Ara Darzi: The promise of immunotherapy

I am proud to be a cancer surgeon: surgery accounts for half of all long-term cures in cancer and provides the cornerstone for the treatment of most solid cancers. 

But even I recognise that the most progress in tackling cancer in recent years has been in the development of new anti-cancer medicines that harness the immune system.

Advances in immunotherapy in the past decade have been spectacular. There are now 13 products licensed for use in Europe which are transforming the lives of patients with advanced cancer. Over 2000 trials of immunotherapeutic agents are underway, including several to treat covid. Research is revealing scores of new agents with action against conditions including rheumatoid arthritis, multiple sclerosis, Alzheimer’s disease, and infectious diseases.

However, there is a major barrier to further progress. The research needed to develop these treatments is costly, and a complex infrastructure is necessary to deliver them. There are just 10 centres in the UK able to administer cell therapies that involve taking the patient’s own cells, altering them, and returning them, and 200 in the US. 

There is currently great excitement around CAR (chimeric antigen receptor) T-cell therapy.
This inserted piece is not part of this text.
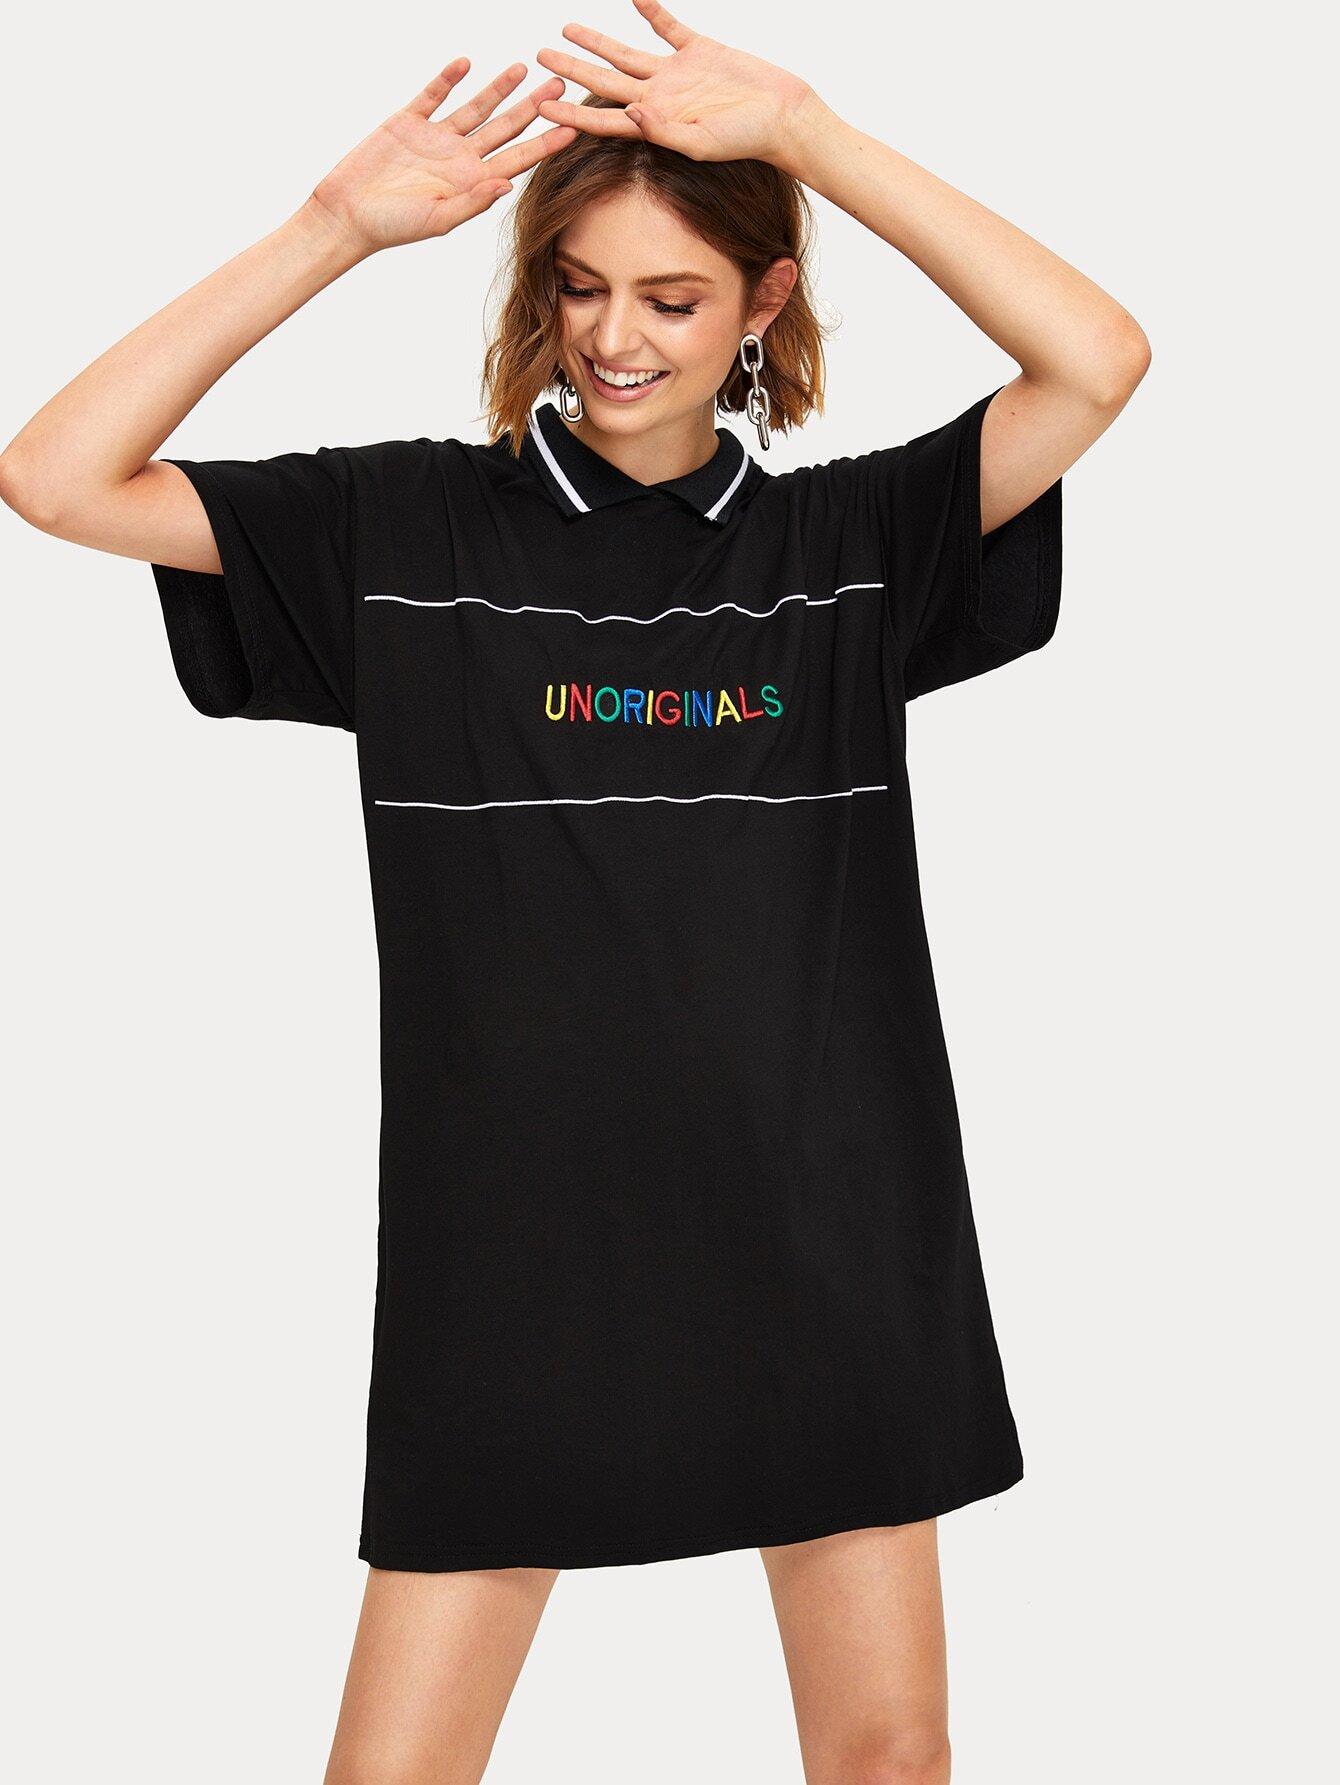 999260cdb8 Letter Embroidery Shift T-shirt Dress EmmaCloth-Women Fast Fashion ...
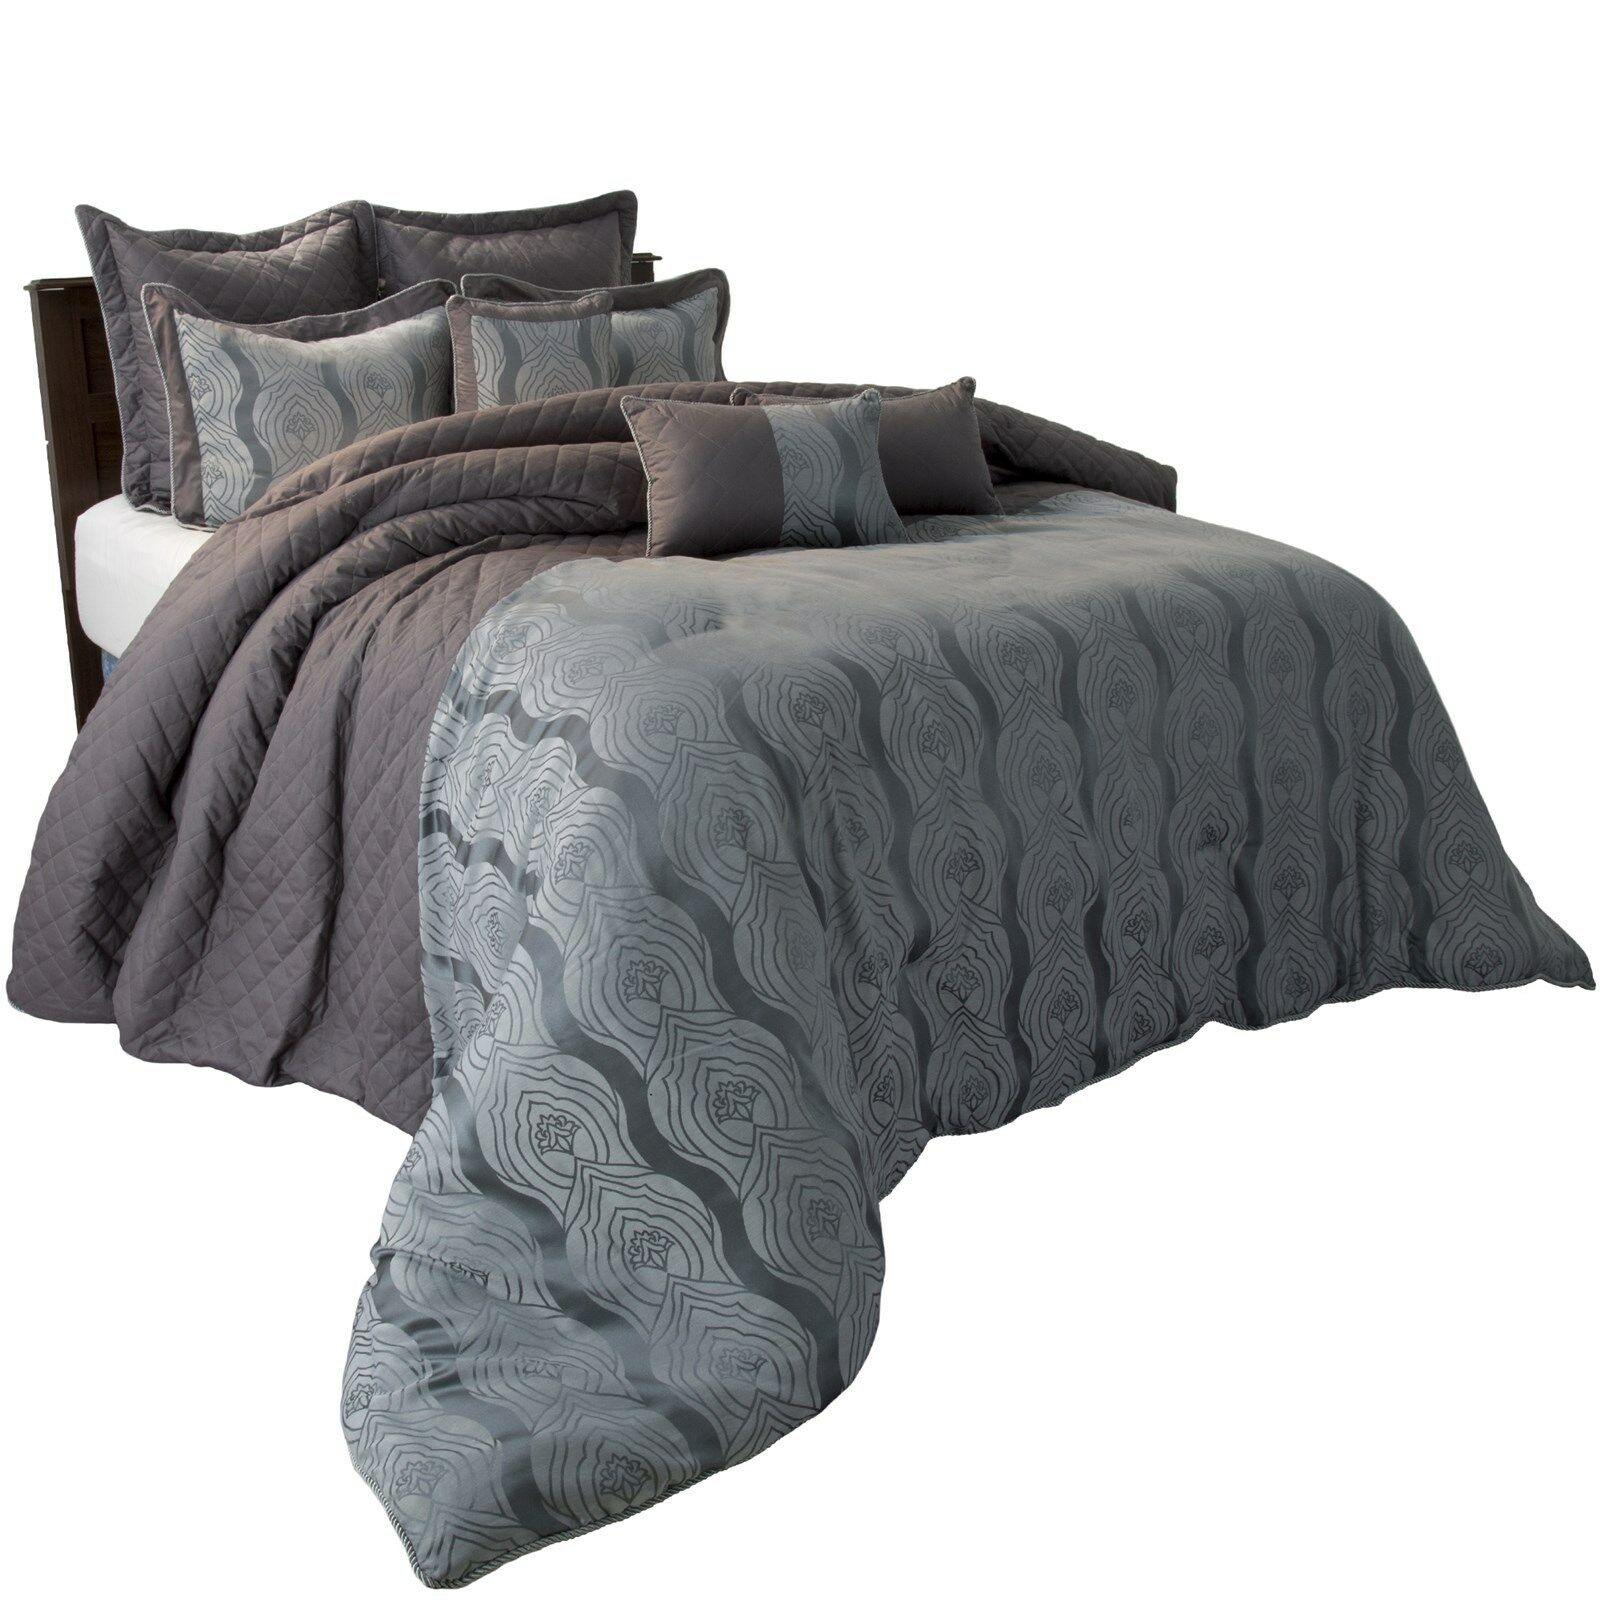 Lavish Home 9 PC High Quality 100 Cotton Jolene forter Set King

It has been effective in treating some blood cancers and is undergoing trials for many other cancers. 

Gene therapy, another promising type of immunotherapy, involves correcting a faulty gene or introducing a new one to fight disease. Even though we have new drugs that are more effective than in the past, they target just 5% of the 500 cancer genes we know of. 

If we are to realise the immense promise of these agents, we have to confront this challenge. Governments, regulators, biotech companies, and institutions must come together so that we can harness innovations that could benefit millions of patients worldwide, as set out in a new report by a panel of international experts presented at the Qatar Foundation’s World Innovation Summit for Health (WISH) this month [15-19 Nov], which I chair.

One of the most famous recipients of immunotherapy is former US president Jimmy Carter, who was diagnosed as having metastatic melanoma in 2015 which had spread to his brain. The typical survival period for patients with this type of cancer is less than a year. Yet Carter is still alive, aged 96, and cancer-free.

Among the first patients to be treated in the UK were 53 year old Graham Threader and 18 year old Mahmoud Kayiizi in an experimental trial at University College Hospital, led by Martin Pule. Their tragic story was told in a BBC documentary, War in the Blood, broadcast in 2019. Both patients were terminally ill and had run out of options, but the experimental therapy failed and they died.

The knowledge gained from their cases was critical to the recovery of five other patients shown in the programme, however, who were successfully treated this way. 

An urgent need remains to develop more effective treatments, capable of improving survival and quality of life. Often multiple companies carry out trials on the same technology but with different measures of success, making it difficult to combine results and slowing down the validation of a treatment. Then there is cost. Novel immunotherapies can range from $100,000 to more than $1m per patient, including hospital costs for their administration. Yet patients who have run out of options should have access to effective therapies. 

The WISH report recommends new approaches to support research, the establishment of centres of excellence, and support for collaborative trials such as platform trials which test different compounds in parallel, using the same protocol and control arm, reducing the number of patients required, increasing flexibility and saving costs. 

It also calls for experiments with novel pricing mechanisms, such as payments dependent on the length of response (the epilepsy treatment Retigabine [ezogabine] in France), pricing linked to reduction in hospitalisation (the combination heart failure treatment Entresto [sacubitril/valsartan] in the US), and agreement to cover costs in excess of an annual cap (the macular degeneration treatment Lucentis [ranibizumab] in Germany).

Immunotherapies are revolutionary treatments. But we must act now to ensure they are available to patients who can benefit from them. We need a national strategy to identify the need, develop standards, and focus resources where they will make the largest difference to our patients.

Ara Darzi is a surgeon and Co-Director of the Institute of Global Health Innovation, Imperial College London.